3.4. The endocortical compartment exhibits extensively eroded surfaces indicating cortical trabecularization

Histomorphometric analysis of the endocortical compartment revealed an eroded perimeter (E.Pm/B.Pm) of 67.1 % and an osteoid perimeter (O.Pm/B.Pm) of 22.8 % (Table 1). Moreover, 61.8 % of the endocortical osteoid perimeter was reflecting superficial osteoid directly on eroded surfaces (Table 1). Analysis of mineralization labels revealed that only 4.7 % of the bone perimeter was undergoing mineralization (M.Pm/B.Pm), meaning only 20.6 % of the osteoid perimeter was undergoing mineralization (M.Pm/O.Pm) (Table 1).
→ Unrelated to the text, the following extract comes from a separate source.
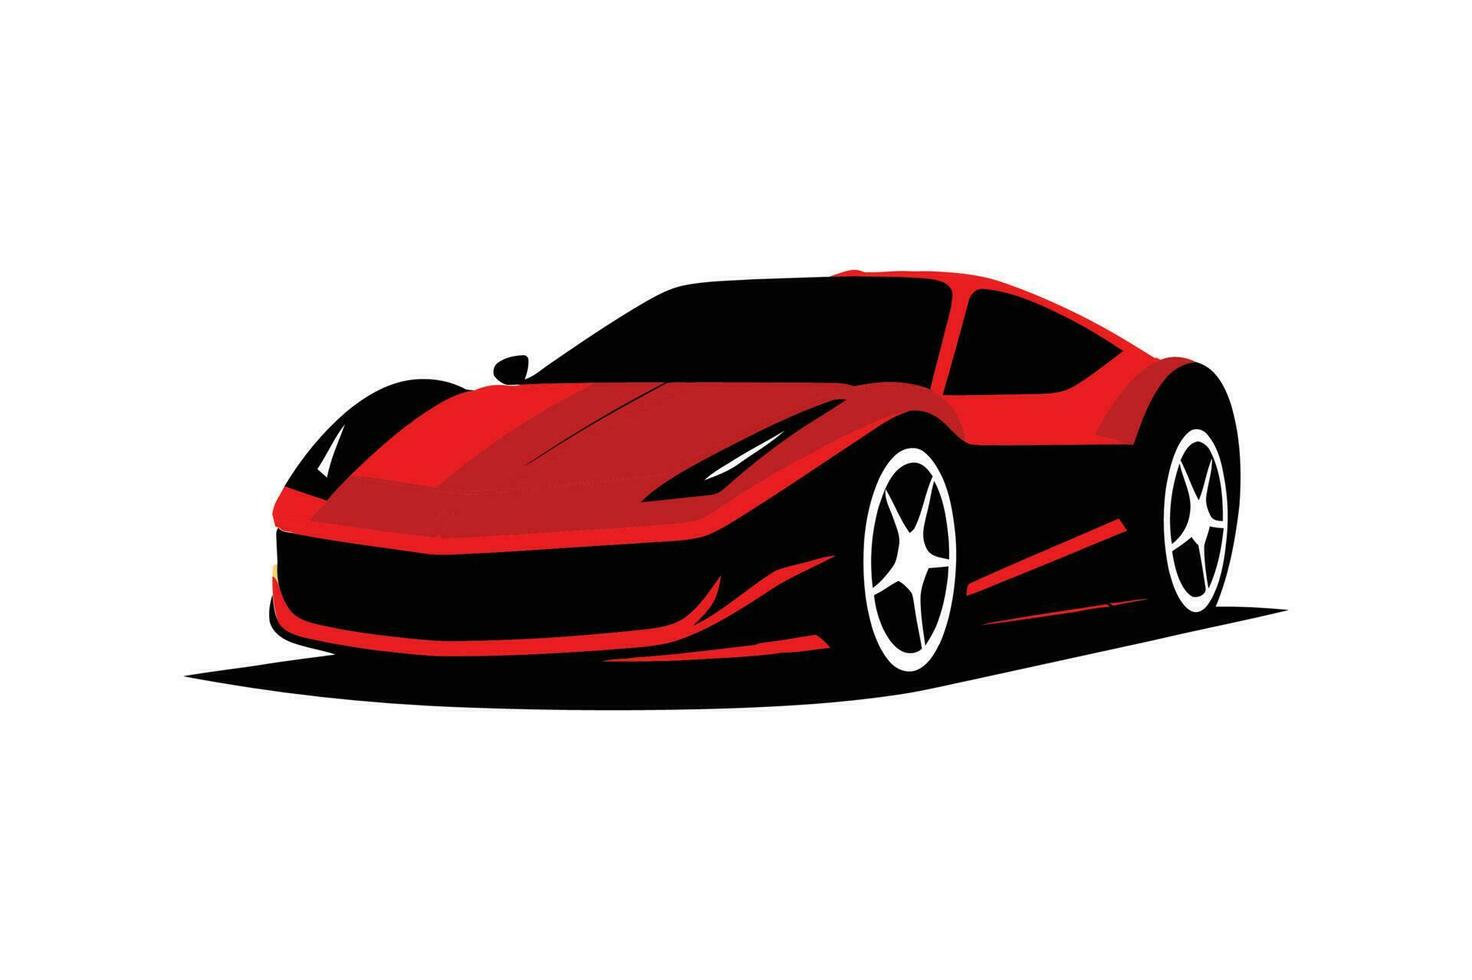 réaliste rouge sport voiture vecteur modèle illustration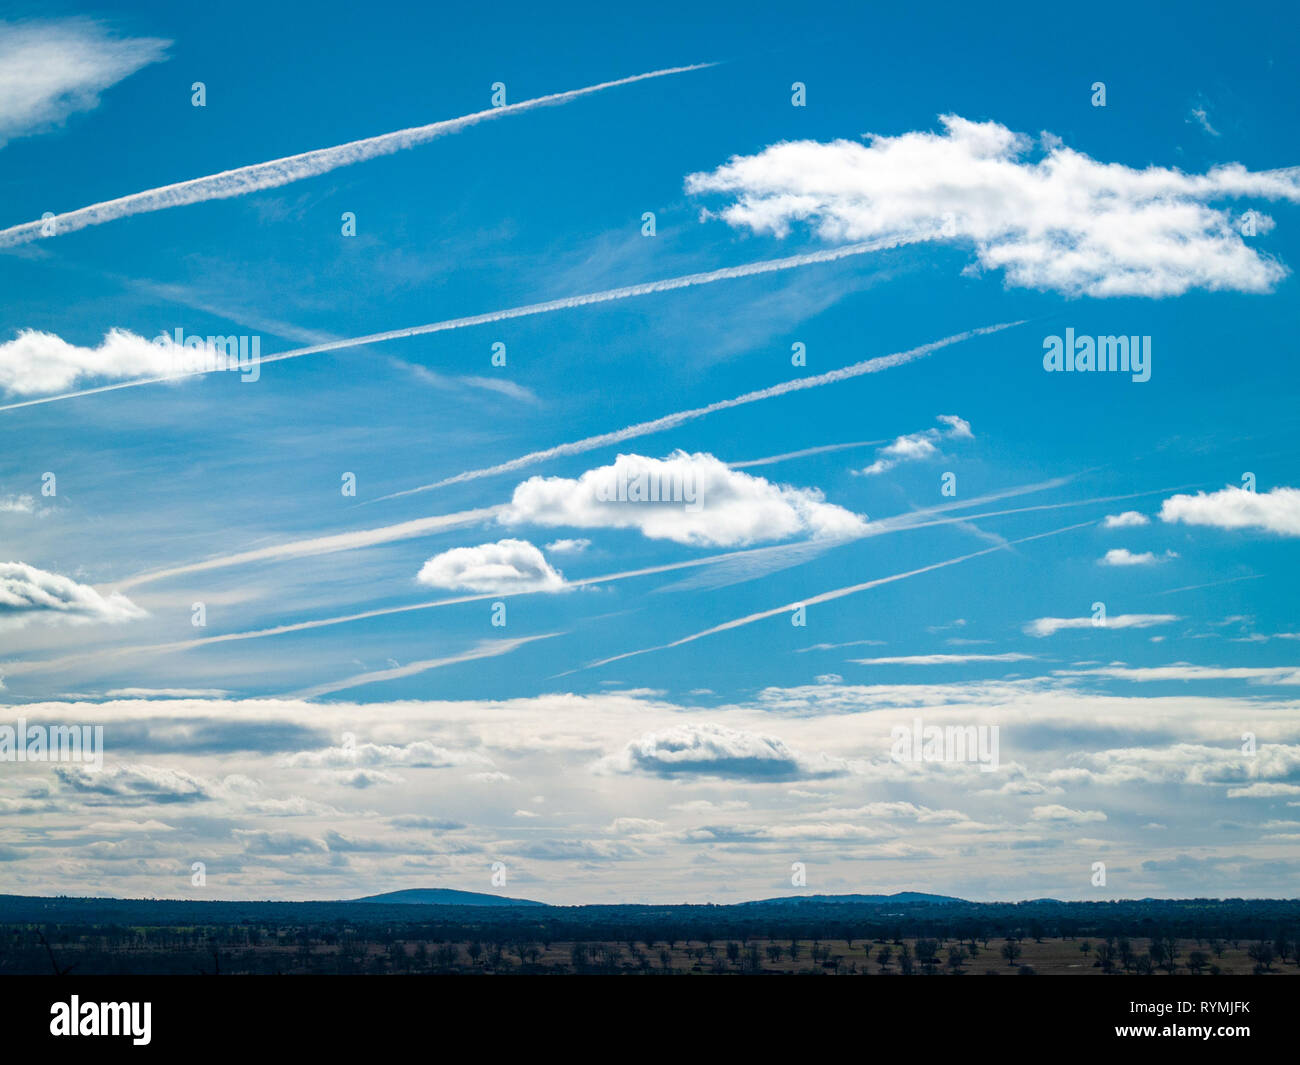 Les traînées de condensation de vapeur ou chemtrails des avions dans le ciel Banque D'Images

This is also in line with the lack of cuboidal bone-forming osteoblasts on the osteoid surfaces (Fig. 3D-F).

Table 1.

Endocortical bone histomorphometry. Goldner's trichrome-stained sections were assessed for both static and dynamic endocortical histomorphometry. Osteoid perimeter/bone perimeter, (O.Pm/B.Pm), eroded perimeter/bone perimeter (E.Pm/B.Pm), mineralizing perimeter/bone perimeter (M.Pm/B.Pm), mineralizing perimeter/osteoid perimeter (M.Pm/O.Pm).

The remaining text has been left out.